● Given information:

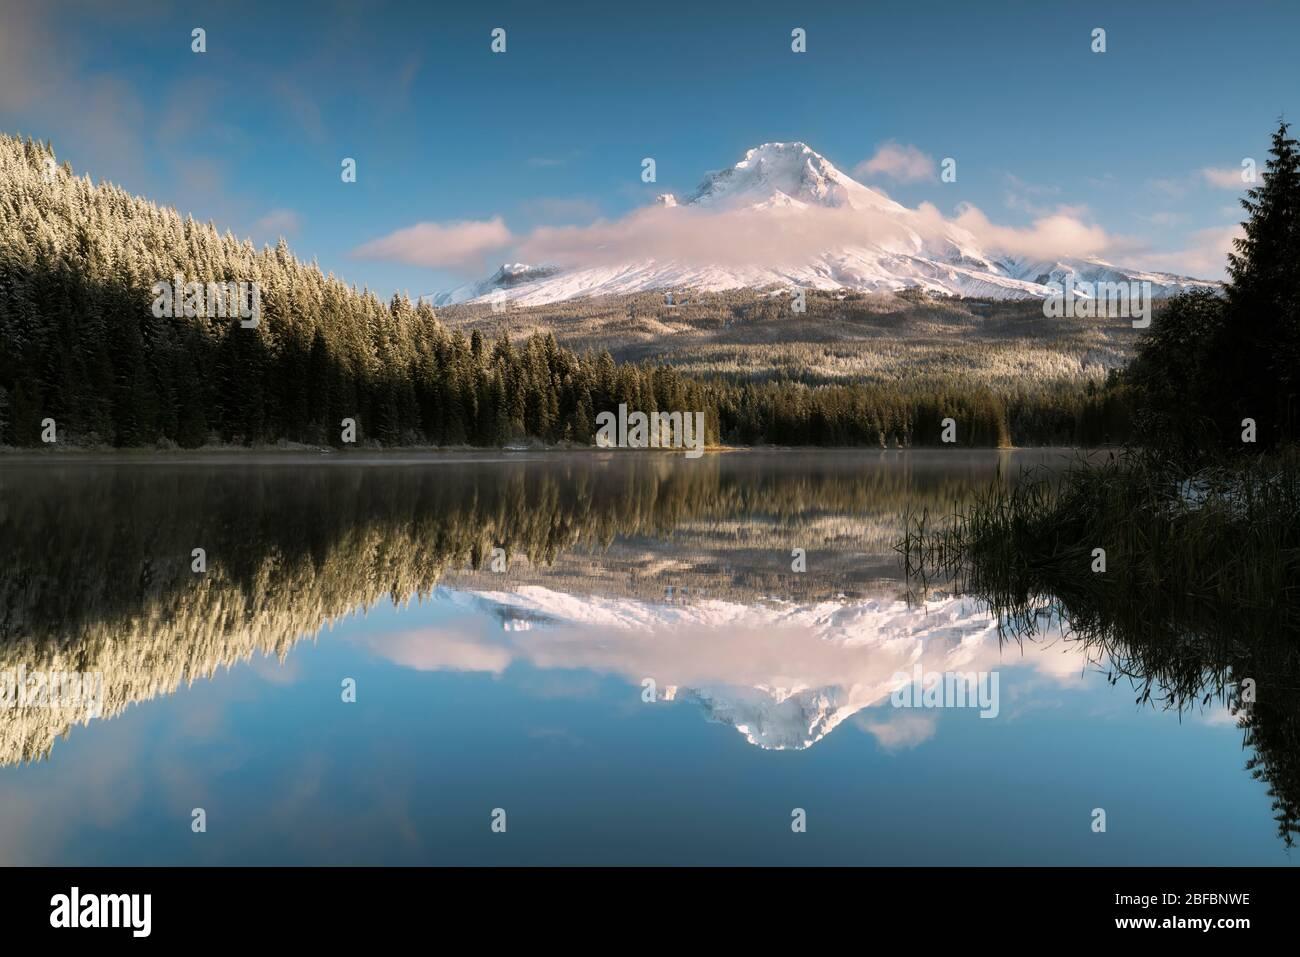 Le nuvole del mattino presto rivelano una fresca nevicata autunnale sulla vetta più alta dell'Oregon, il monte Hood che si riflette nel lago Trillium. Foto Stock
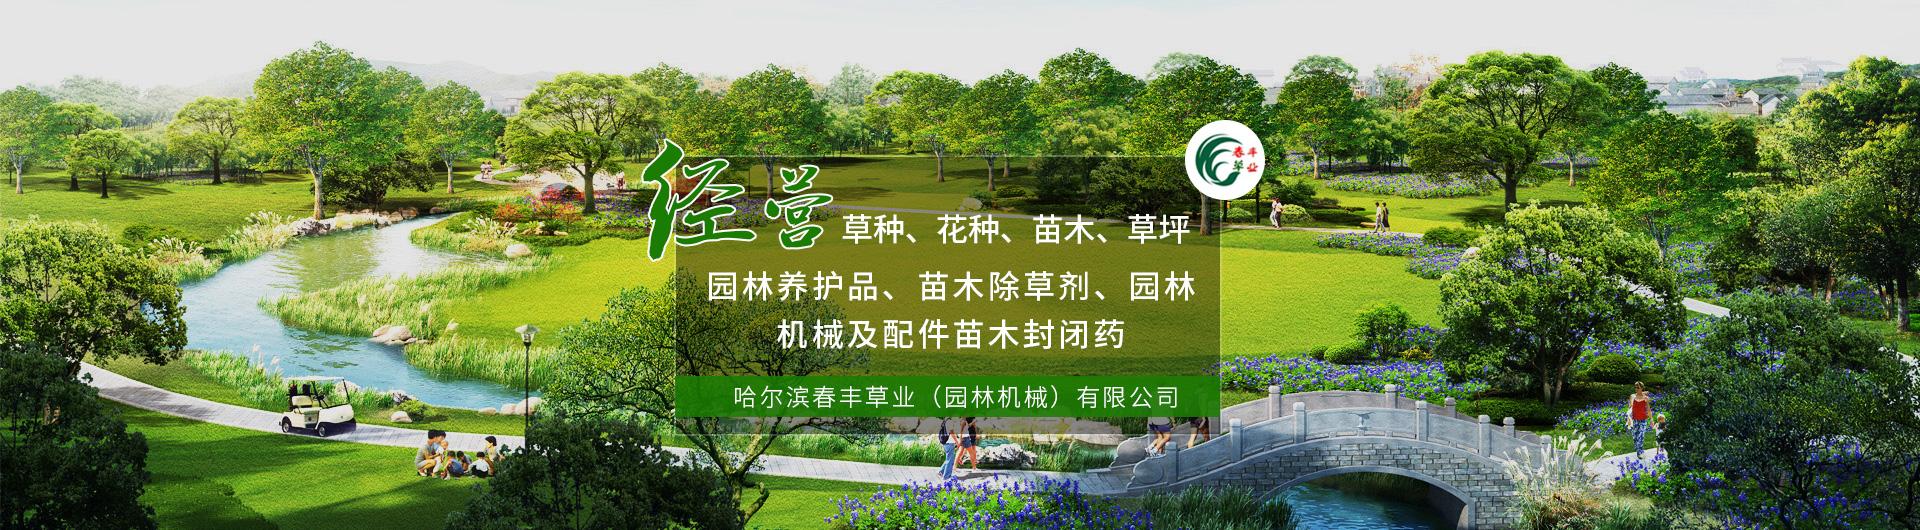 黑龙江园林养护品
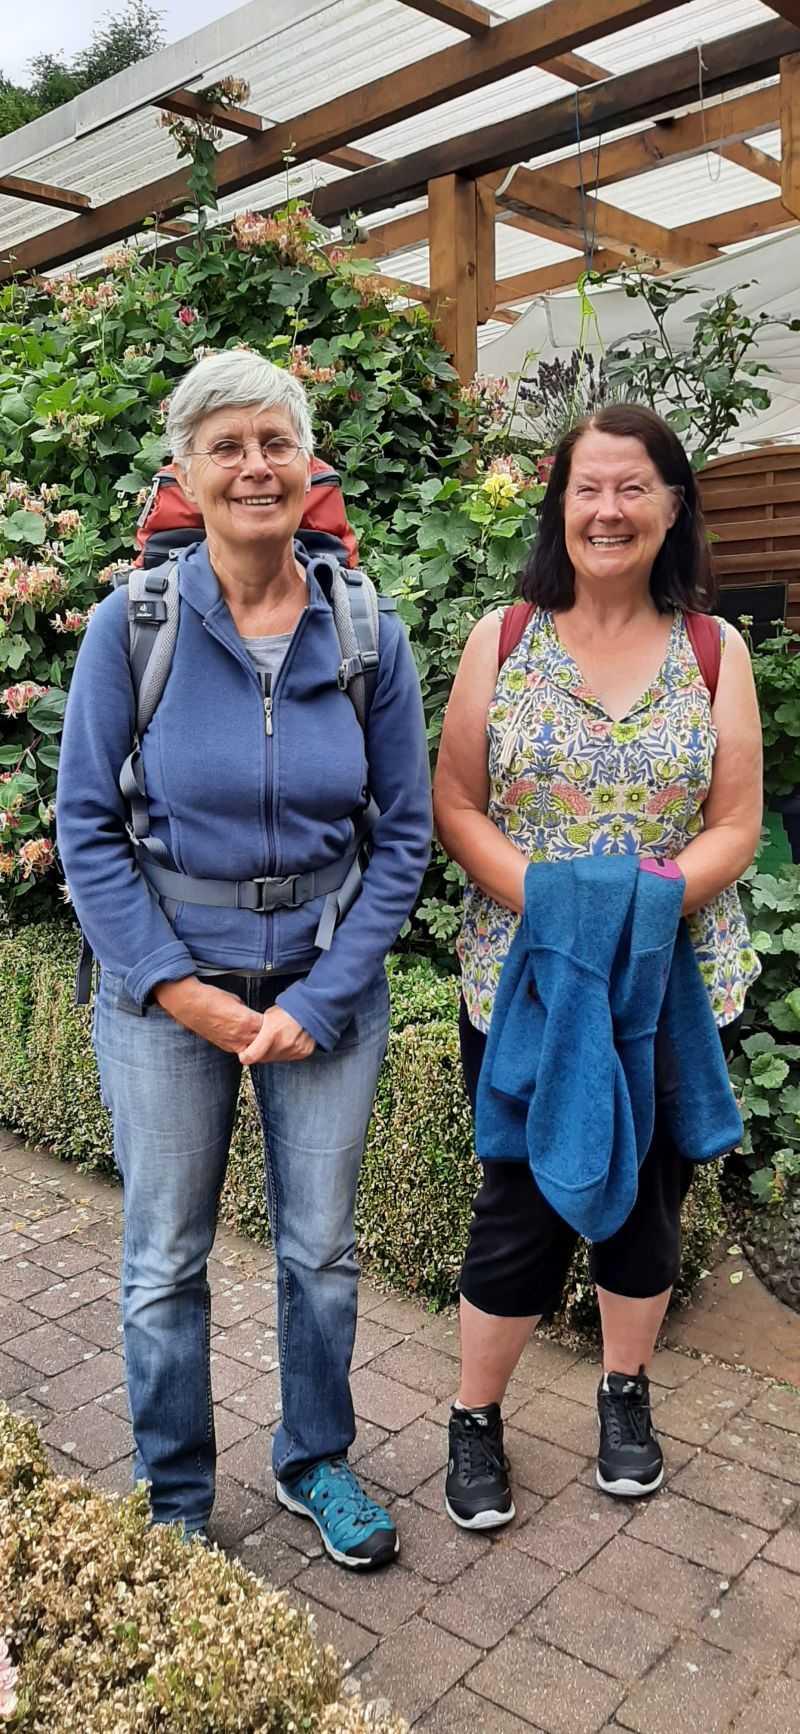 Sehr liebe Wanderschwestern verabschieden sich bis zum nächsten Jahr

● What needs to be done:
Produce an exact copy of each line of data, skipping embedded images.

● Expected answer:
 Le nuvole del mattino presto rivelano una fresca nevicata autunnale sulla vetta più alta dell'Oregon, il monte Hood che si riflette nel lago Trillium. Foto Stock
 黑龙江园林养护品
 Sehr liebe Wanderschwestern verabschieden sich bis zum nächsten Jahr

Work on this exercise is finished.